Dataset excerpt

◇ ◇ ◇ ◇ ◇

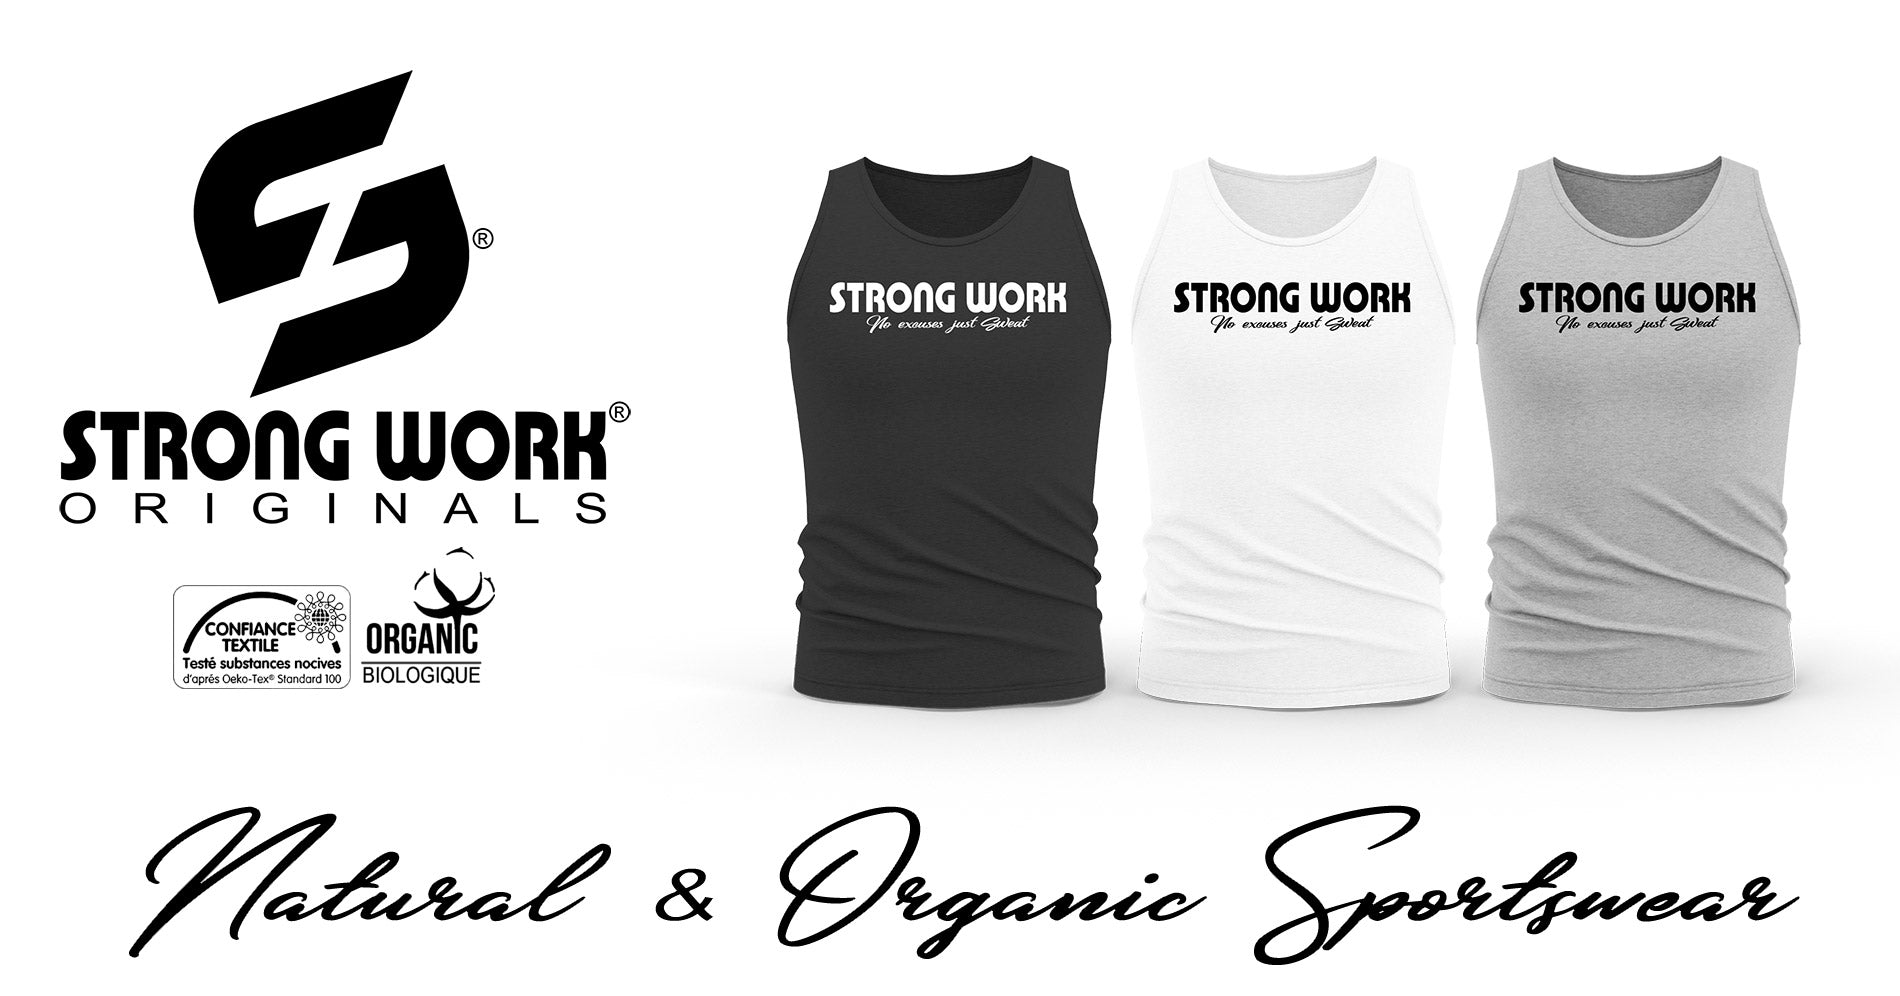 STRONG WORK CLASSIC ORGANIC COTTON TANK TOP FOR WOMEN - ORIGINALS COLLECTION
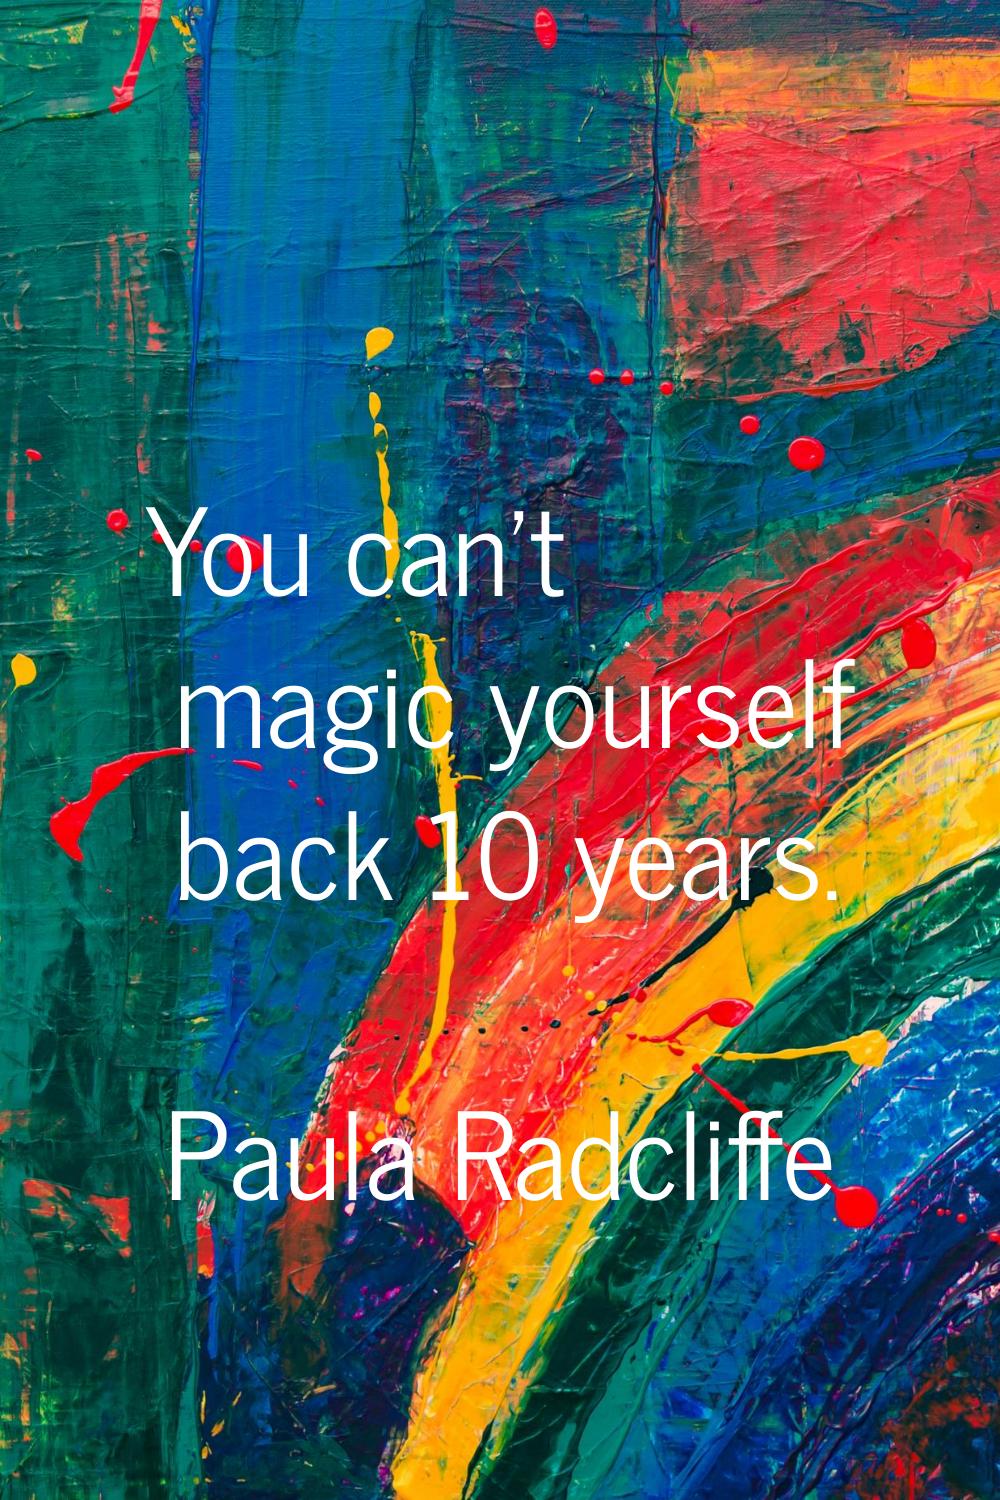 You can't magic yourself back 10 years.
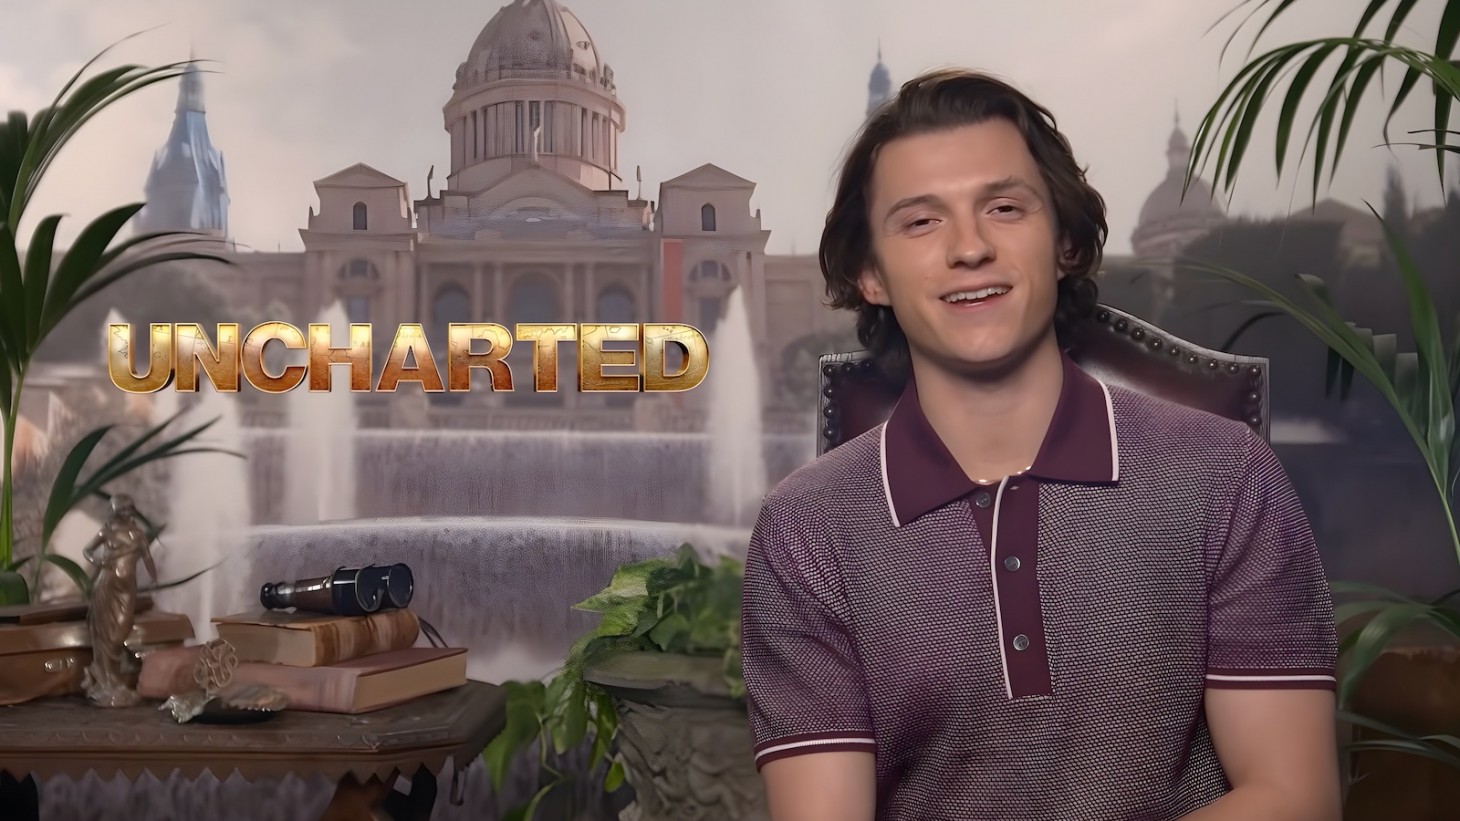 Tom Holland Admits to a Mistake He Made While Playing Nathan Drake

◇ ◇ ◇ ◇ ◇

Problem
Omitting all pictures, retype exactly the lines from the line containing "You can't magic yourself back 10 years." down to the last line above, both ends included.

Written solution
 You can't magic yourself back 10 years.
 Tom Holland Admits to a Mistake He Made While Playing Nathan Drake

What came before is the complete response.